Корзинщицей вновь была Карлотта Гризи — первая исполнительница этой партии. А в роли графа Полинского поистине блистал М. Петипа. В первом акте он был мягок со своей взбалмошной супругой, но тверд в принятии решений. Скандал по поводу намеченной охоты на графа не подействовал — он был мил и приветлив с гостями, стараясь сгладить неловкое впечатление от семейной ссоры. Благородство героя отражали походка артиста, его мимика, жесты, особенно в дивертисментном pas de deux polka.

Третий по счету спектакль — «Своенравная жена», — прошедший 19 ноября, был дан «в пользу танцовщика Петипа». И сам Мариус, и балет в целом имели успех, поэтому в конце года его показали еще несколько раз. Состоялись представления и в январе 1852 года, когда в театре заканчивалась подготовка нового для столицы балета «Наяда и рыбак».

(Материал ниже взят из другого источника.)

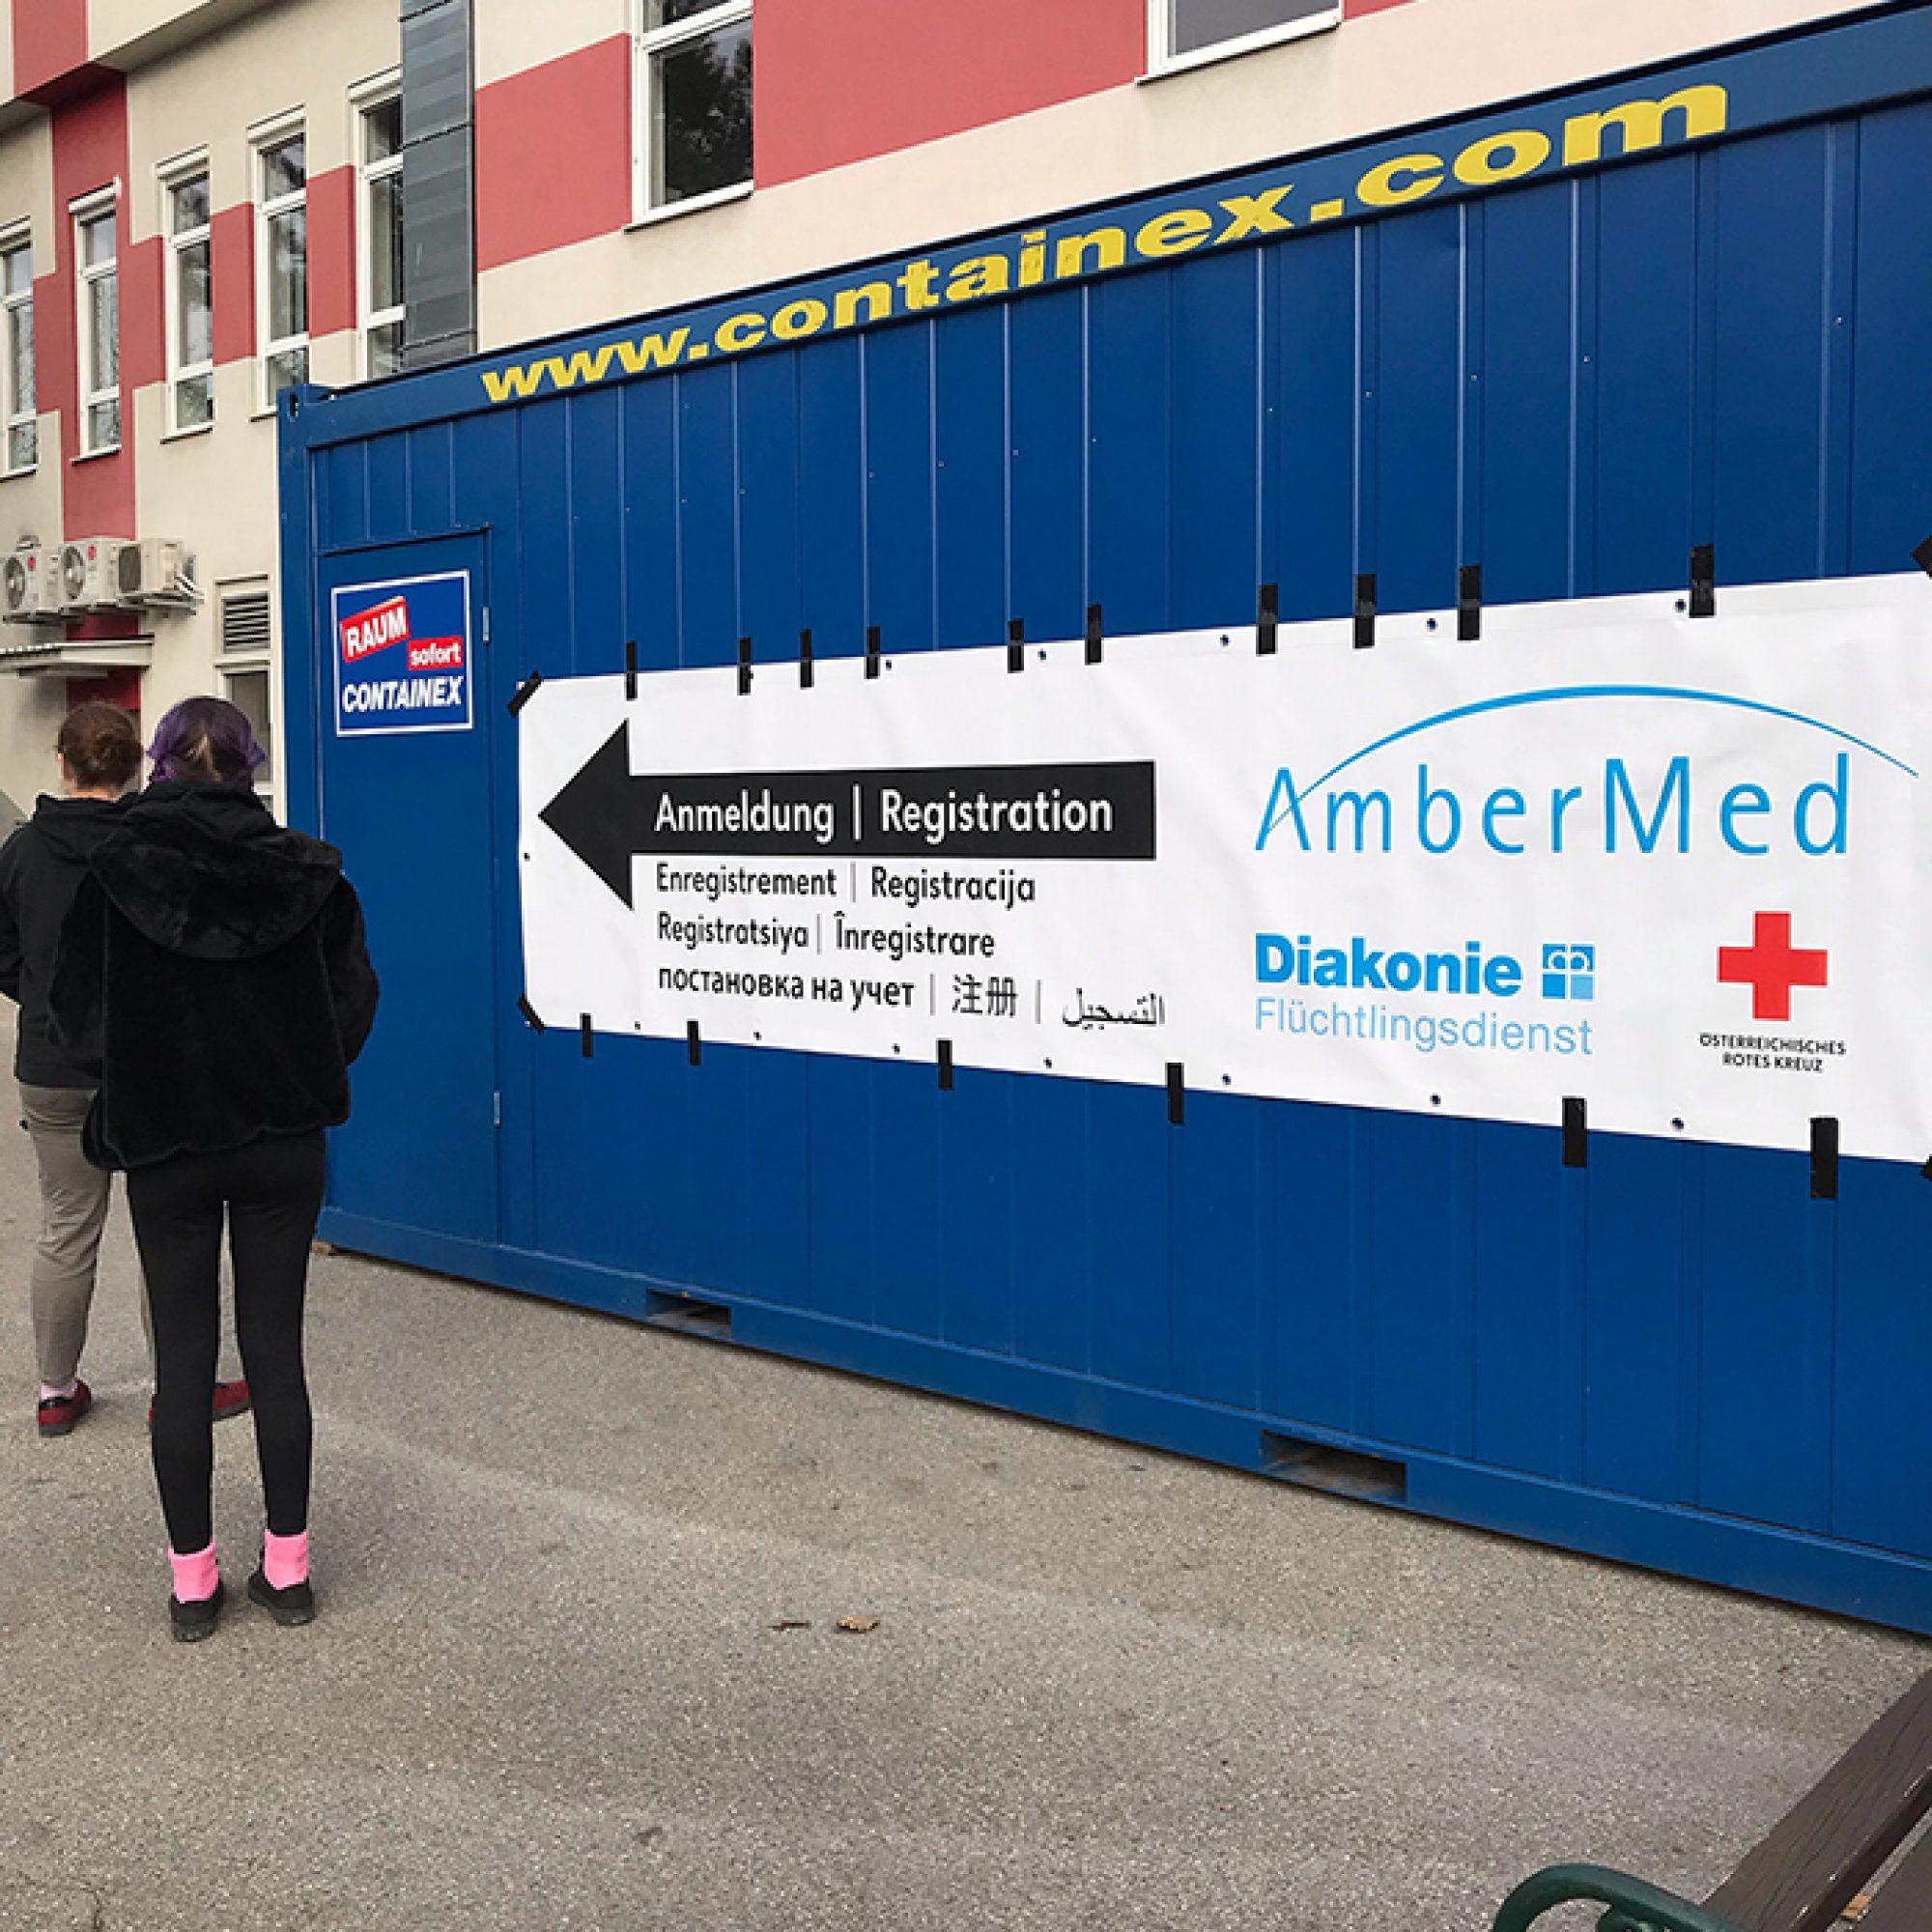 Patient*innen stehen vor dem Schnelltest-Container in der Schlange
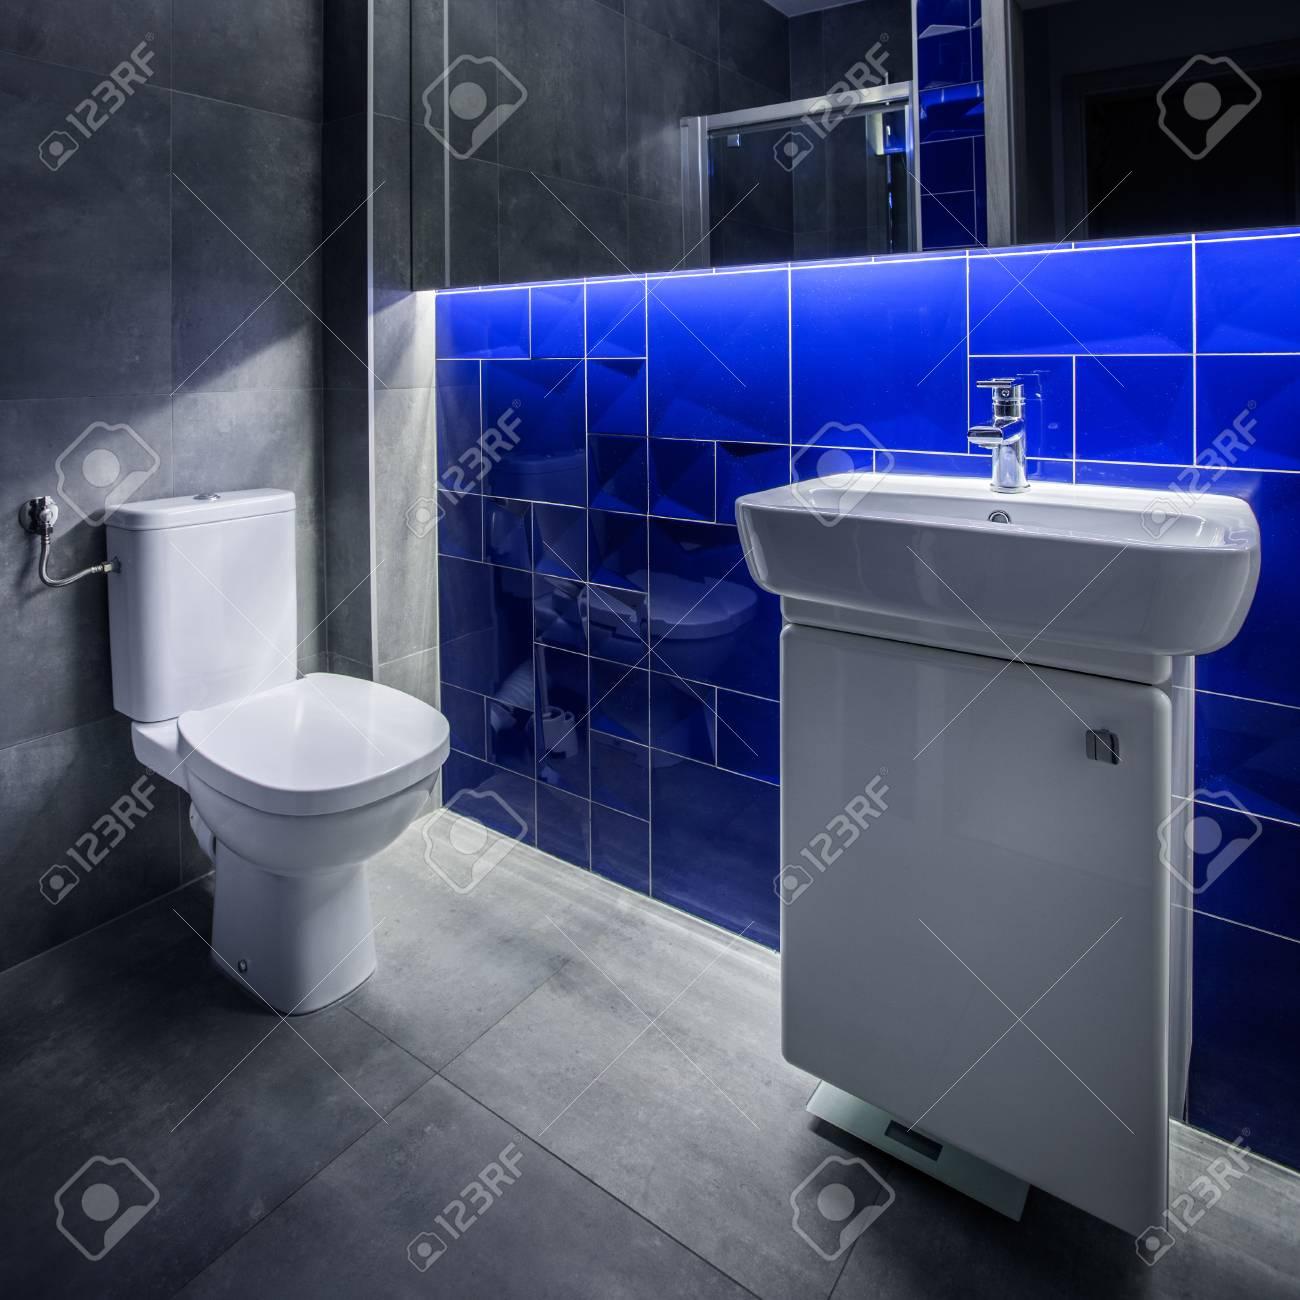 Cuarto De Baño Moderno Con Mueble Lavabo, Inodoro, Espejo Y Suelo De ...

Созданный в Лондоне Ж.-Ж. Перро на музыку Ц. Пуни балет про Ундину, полюбившую рыбака, авторы посвятили принцессе Луизе Гессен-Кассельской[226], покровительнице искусств в столице Британии. Премьера под названием «Ундина, или Наяда» прошла 22 июня 1843 года в Королевском театре (Her Majesty’s). Сюжет был не нов: духи водной стихии уже давно занимали воображение хореографов, творивших в эпоху романтизма. Литературным источником либретто стала повесть «Ундина» (1811) Фридриха де ла Мотт Фуке[227]. Основной темой — соперничество волшебной и земной героинь.

В лондонской постановке невесту Ундину, лишенную привычной для нее водной стихии, оставляли силы, и наяды, спасая ее, подменяли подругу во время свадебного шествия «земной» Джаниной. Петербургская редакция балета была пересмотрена Перро. Новое название — «Наяда и рыбак». Теперь кокетливая героиня (Карлотта Гризи), желая подчинить себе судьбу, плела интригу, стремясь увлечь рыбака Маттео (Ж.-Ж. Перро) в воду, соблазняя его танцами. Выигрышным эпизодом с танцовщицей-травести хореограф угодил вкусам столичных балетоманов. Кроме того, в финале он обозначил конфликт: спор с судьбой, выбор участи.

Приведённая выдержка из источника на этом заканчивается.